> [Exercise]
Skip pictures in the listing below; copy exactly the lines from the one with "Fotografia di strada" through the one with "NETIS登録残コン戻りコン処理剤コンバラス", inclusive.

> [Source records]
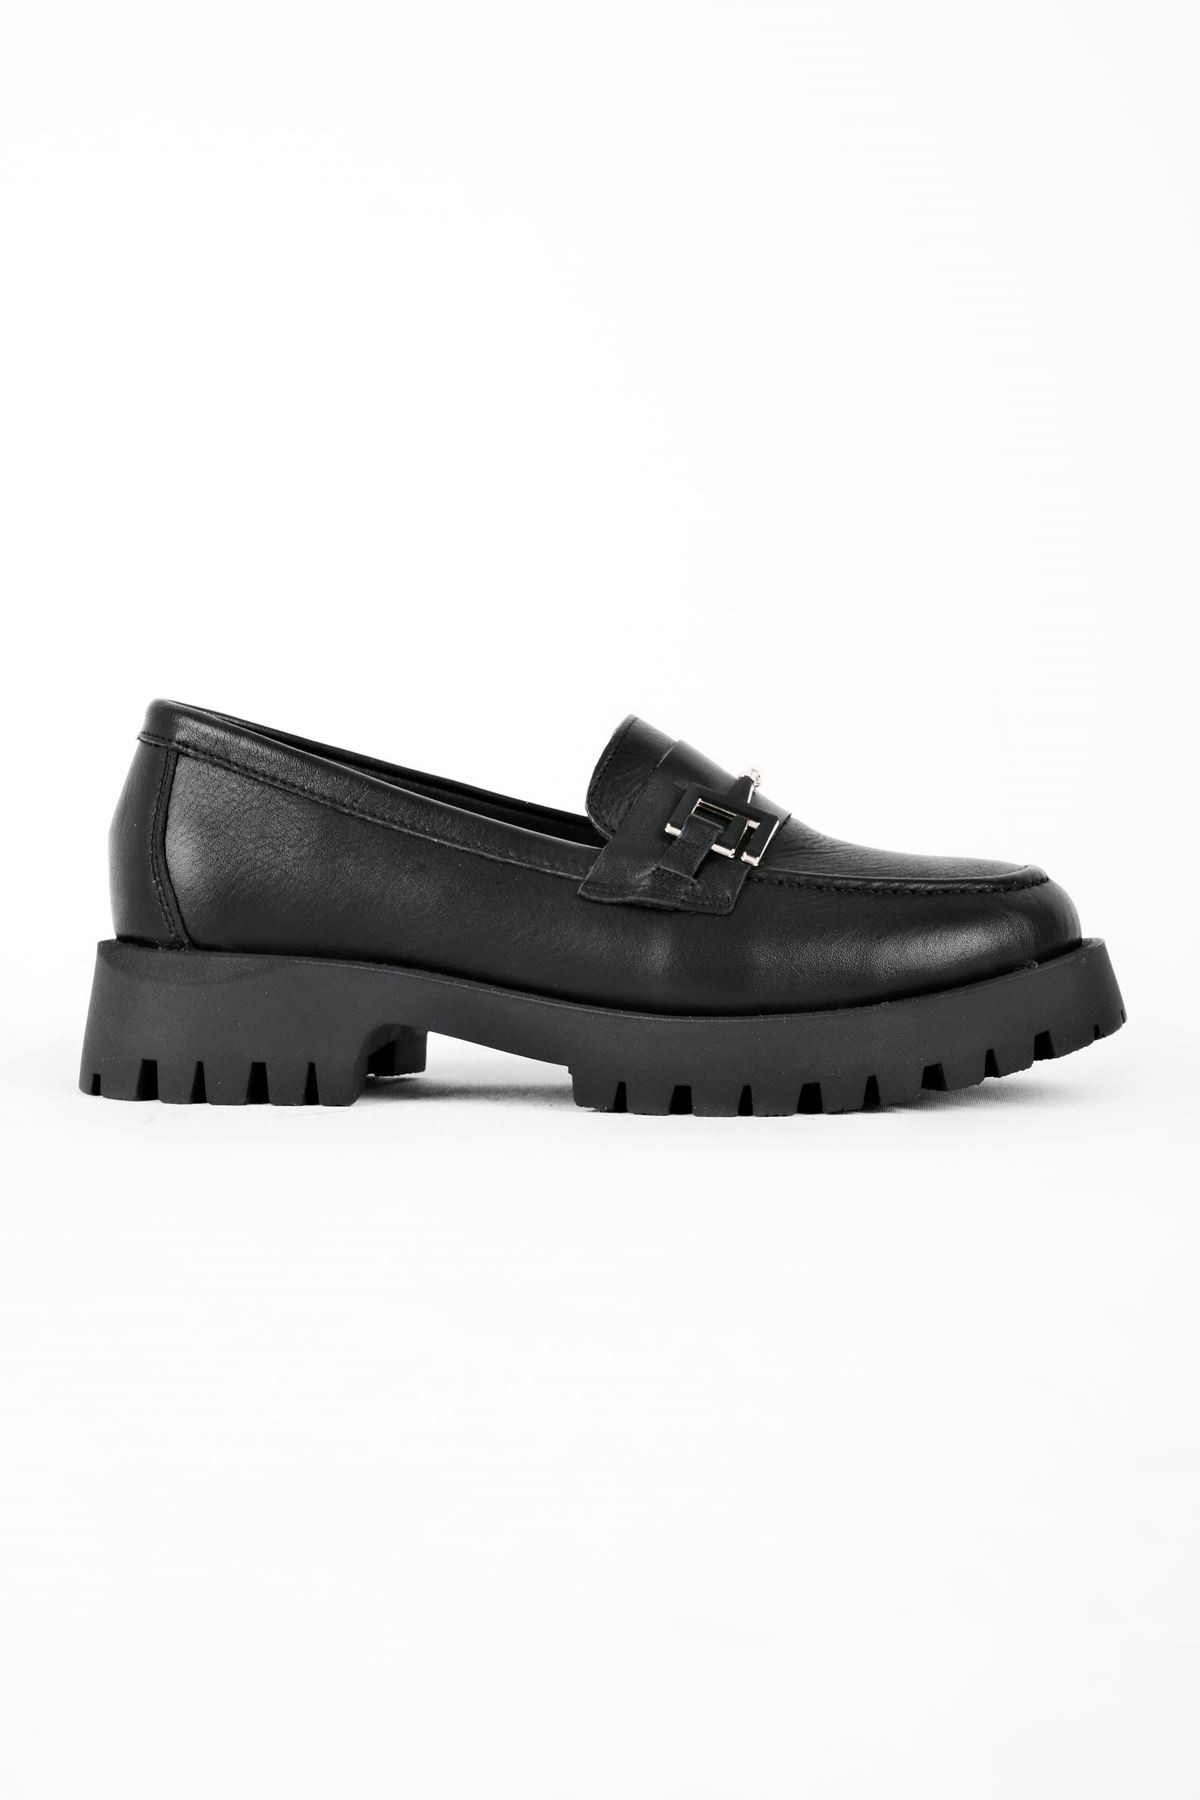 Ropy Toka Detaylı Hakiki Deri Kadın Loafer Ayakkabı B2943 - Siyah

---

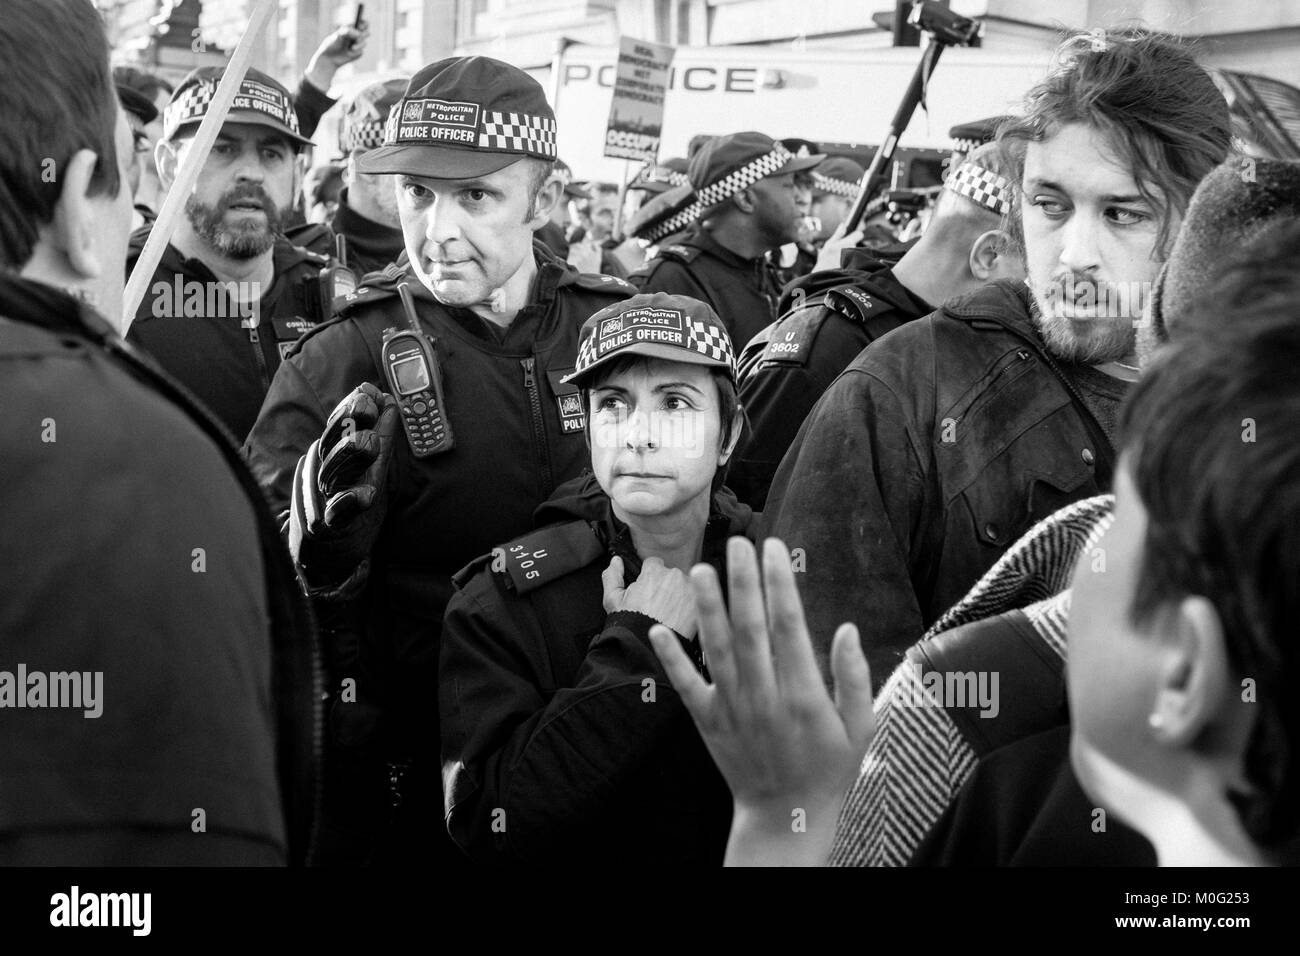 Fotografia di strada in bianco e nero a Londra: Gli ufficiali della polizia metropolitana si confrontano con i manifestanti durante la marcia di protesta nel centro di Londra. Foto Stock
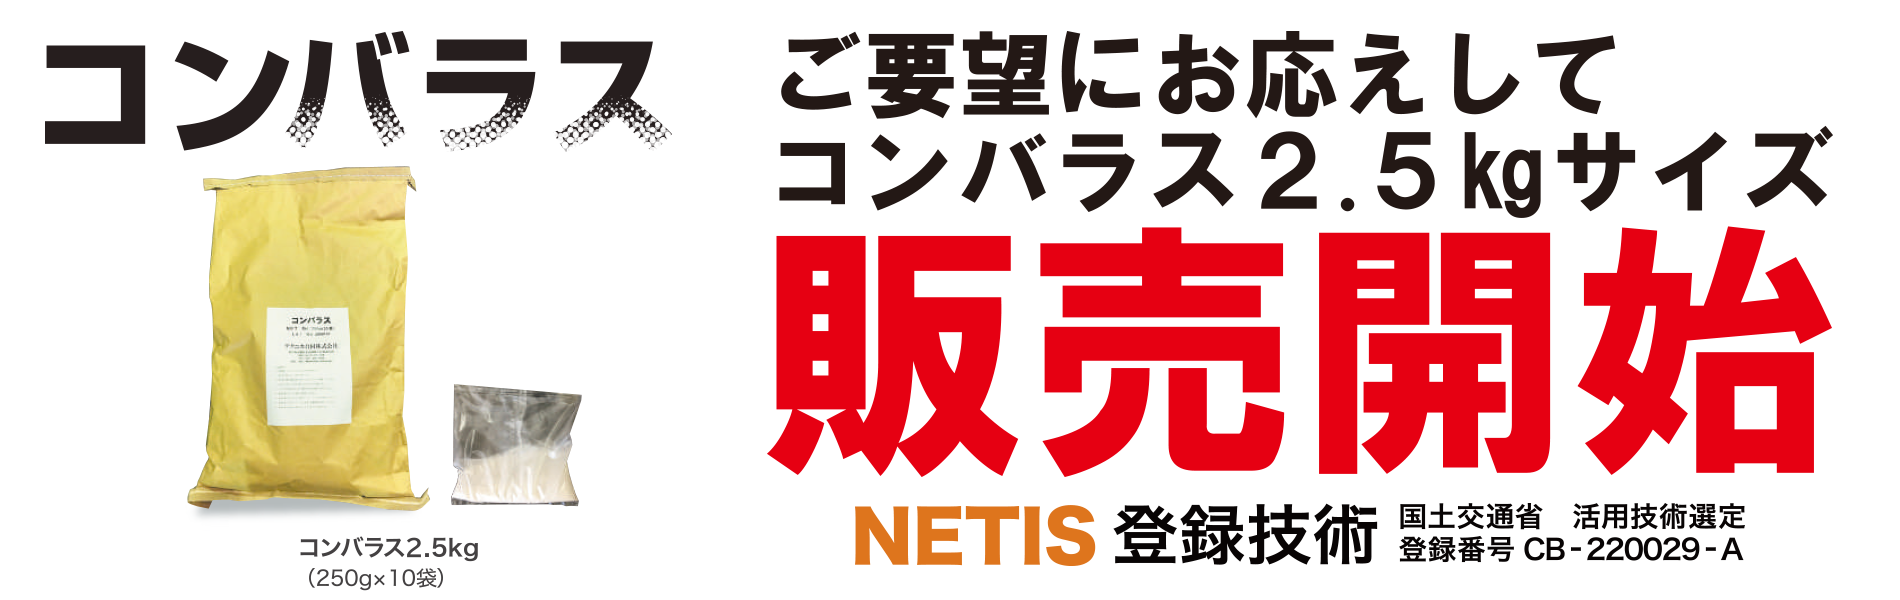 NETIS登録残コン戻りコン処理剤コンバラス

> [Completed exercise]
 Fotografia di strada in bianco e nero a Londra: Gli ufficiali della polizia metropolitana si confrontano con i manifestanti durante la marcia di protesta nel centro di Londra. Foto Stock
 NETIS登録残コン戻りコン処理剤コンバラス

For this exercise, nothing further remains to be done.